VainF / Torch-Pruning

[CVPR 2023] Towards Any Structural Pruning; LLMs / SAM / Diffusion / Transformers / YOLOv8 / CNNs
https://arxiv.org/abs/2301.12900
MIT License
2.64k stars 329 forks source link

Pruning MViT #287

Open grigorn opened 10 months ago

grigorn commented 10 months ago

Hi. I am trying to prune MViTv2 with random pruning with the following code

import torch
import timm
from timm.models.mvitv2 import MultiScaleAttention, MultiScaleVit as MViT
import torch_pruning as tp

model = timm.create_model('mvitv2_base.fb_in1k', pretrained=False)
example_inputs = torch.randn(1, 3, 224, 224)

imp = tp.importance.RandomImportance()
ch_groups, num_heads = dict(), dict()
for m in model.modules():
    if isinstance(m, MultiScaleAttention):
        num_heads[m.qkv] = m.num_heads
        ch_groups[m.pool_q] = m.pool_q.groups
        ch_groups[m.pool_k] = m.pool_k.groups
        ch_groups[m.pool_v] = m.pool_v.groups

ignored_layers = [model.head]

pruner = tp.pruner.MetaPruner(
    model, 
    example_inputs, 
    global_pruning=False,
    importance=imp,
    iterative_steps=1,
    pruning_ratio=0.5,
    ignored_layers=ignored_layers,
    out_channel_groups=ch_groups,
    num_heads = num_heads,
    prune_head_dims=False,
    prune_num_heads=True,
    head_pruning_ratio=0.5, 

)
pruner.step()

for m in model.modules():
    if isinstance(m, MultiScaleAttention):
        if num_heads[m.qkv] == 0:
            m.num_heads = 1
        else:
            m.num_heads = num_heads[m.qkv]
        m.dim_out = m.head_dim * m.num_heads

Forward pass after pruning does not work. I think num_heads and pruned dimensions is not being calculated and updated correctly. Initially, num_heads is

 Linear(in_features=96, out_features=288, bias=True): 1,
 Linear(in_features=96, out_features=288, bias=True): 1,
 Linear(in_features=96, out_features=576, bias=True): 2,
 Linear(in_features=192, out_features=576, bias=True): 2,
 Linear(in_features=192, out_features=576, bias=True): 2,
 Linear(in_features=192, out_features=1152, bias=True): 4,
 Linear(in_features=384, out_features=1152, bias=True): 4,
 Linear(in_features=384, out_features=1152, bias=True): 4,

After pruning it becomes this. Layers with 1 head became layers with 0 heads. Also, it has subtracted some number from out_features.

 Linear(in_features=48, out_features=285, bias=True): 0,
 Linear(in_features=48, out_features=285, bias=True): 0,
 Linear(in_features=48, out_features=573, bias=True): 1,
 Linear(in_features=96, out_features=573, bias=True): 1,
 Linear(in_features=96, out_features=573, bias=True): 1,
 Linear(in_features=96, out_features=1146, bias=True): 2,
 Linear(in_features=192, out_features=1146, bias=True): 2,
 Linear(in_features=192, out_features=1146, bias=True): 2,

torch_pruning 1.3.2

VainF commented 10 months ago

Hi @grigorn. Thanks for the issue and example. I will take a look at this bug after the CVPR deadline.

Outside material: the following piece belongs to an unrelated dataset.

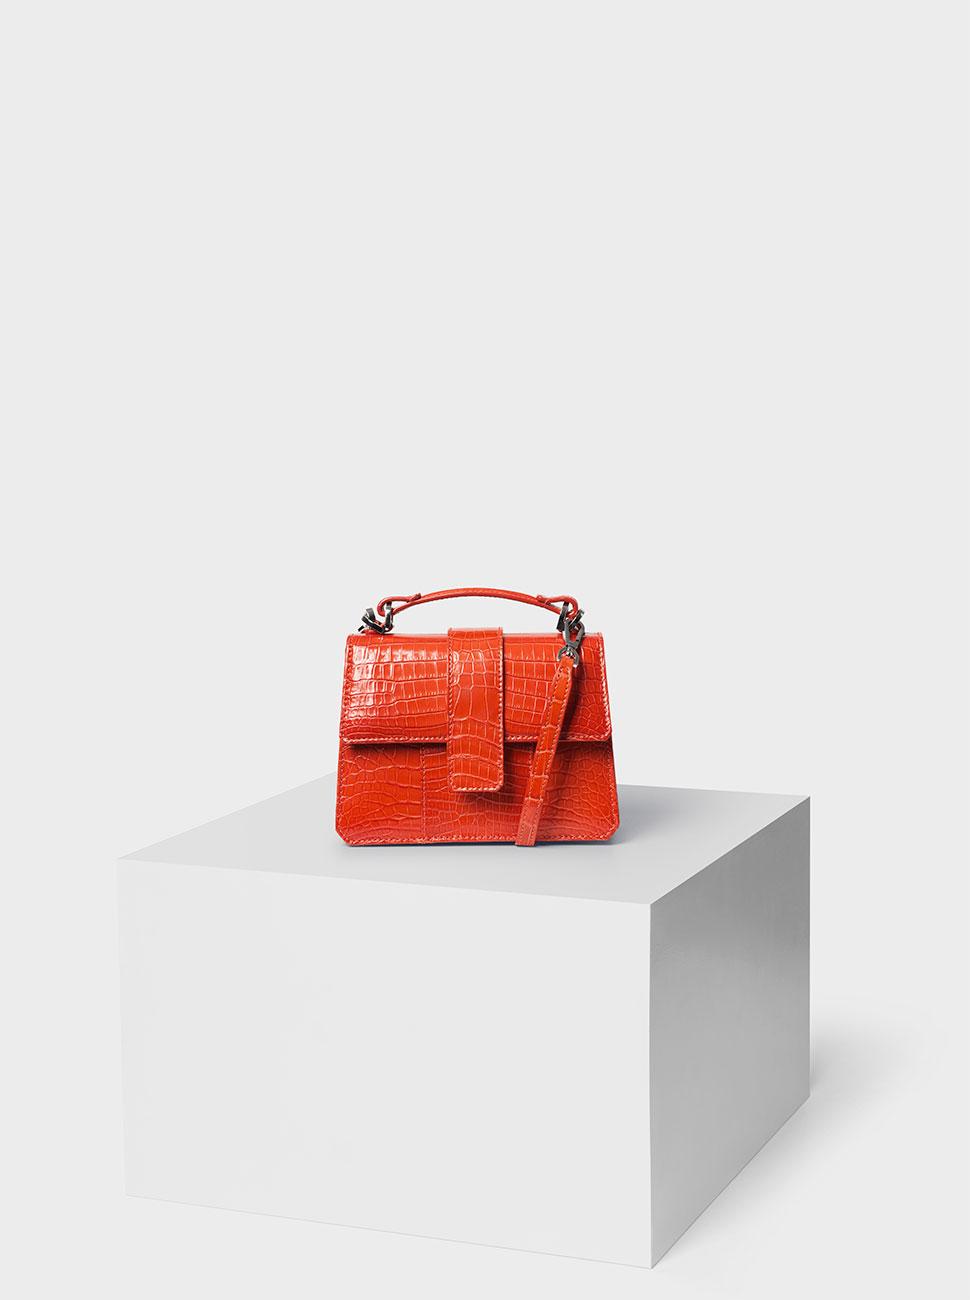 The M2 crocodile bag orange
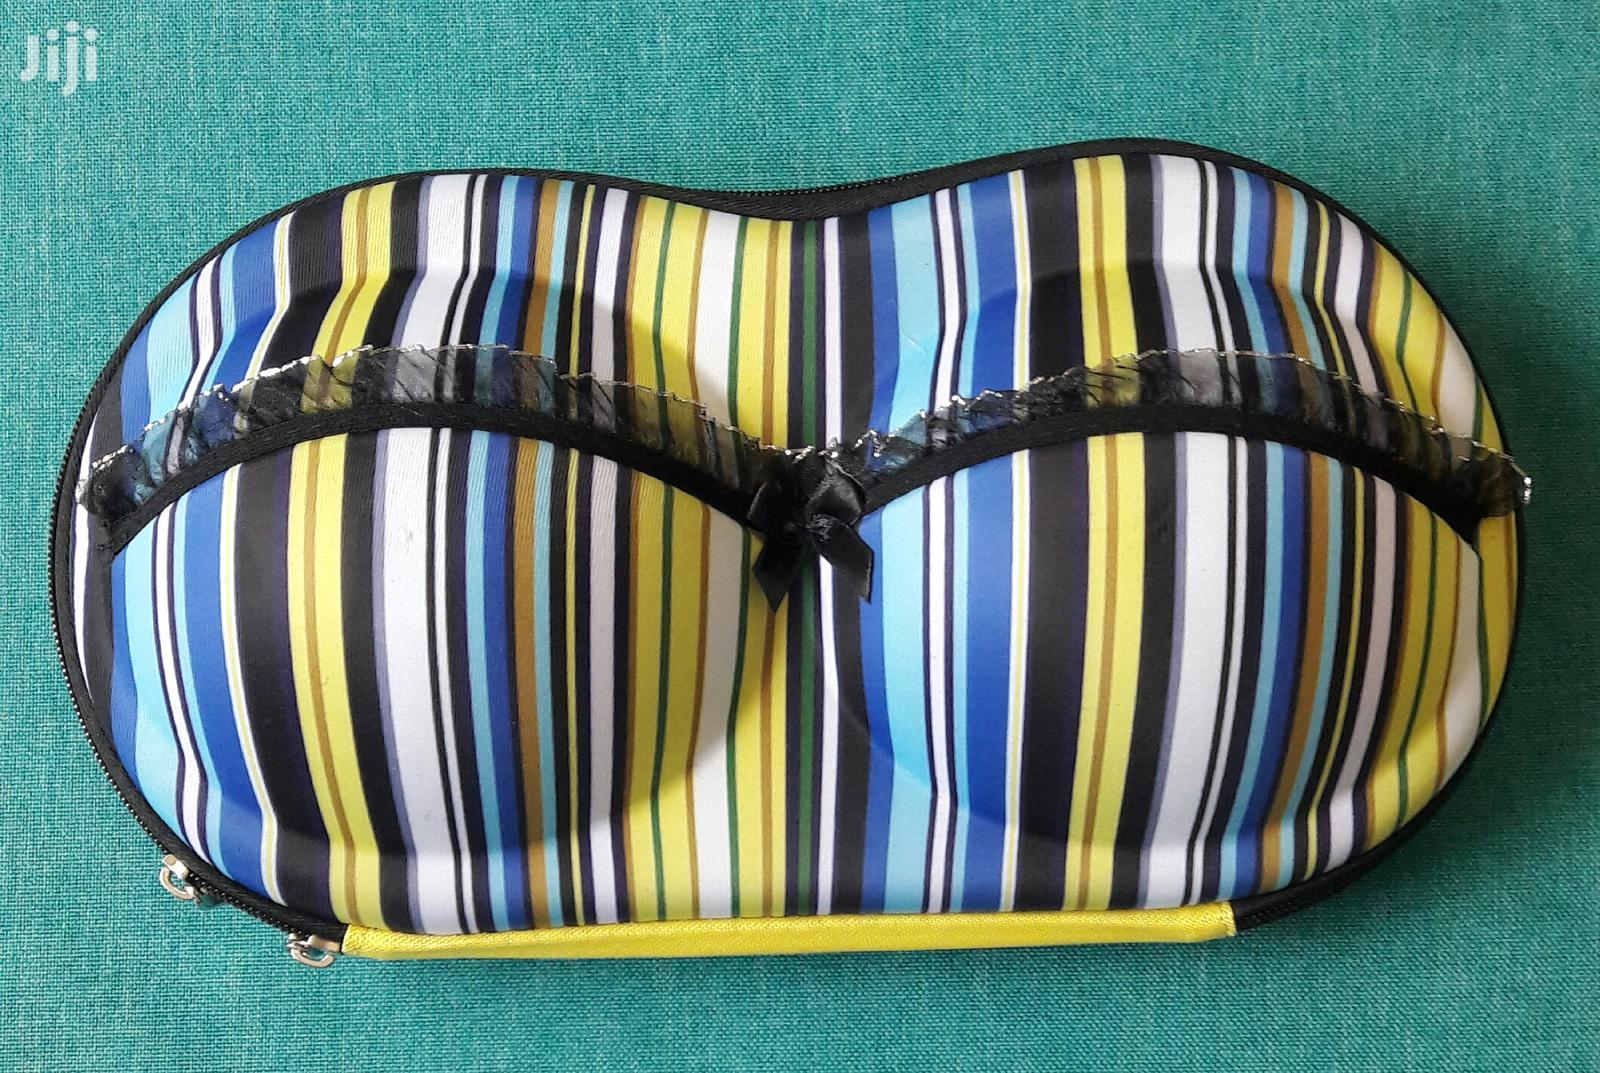 Bras & Panties Organiser | Bags for sale in Nairobi Central, Nairobi, Kenya

grigorn commented 9 months ago

Hi @VainF did you look at this issue?

patelashutosh commented 4 months ago

Hi @VainF, we are also facing similar issue for models which have attention_head_dim as any number greater than 1. The pruned dimensions do not work for forward pass for Attention blocks.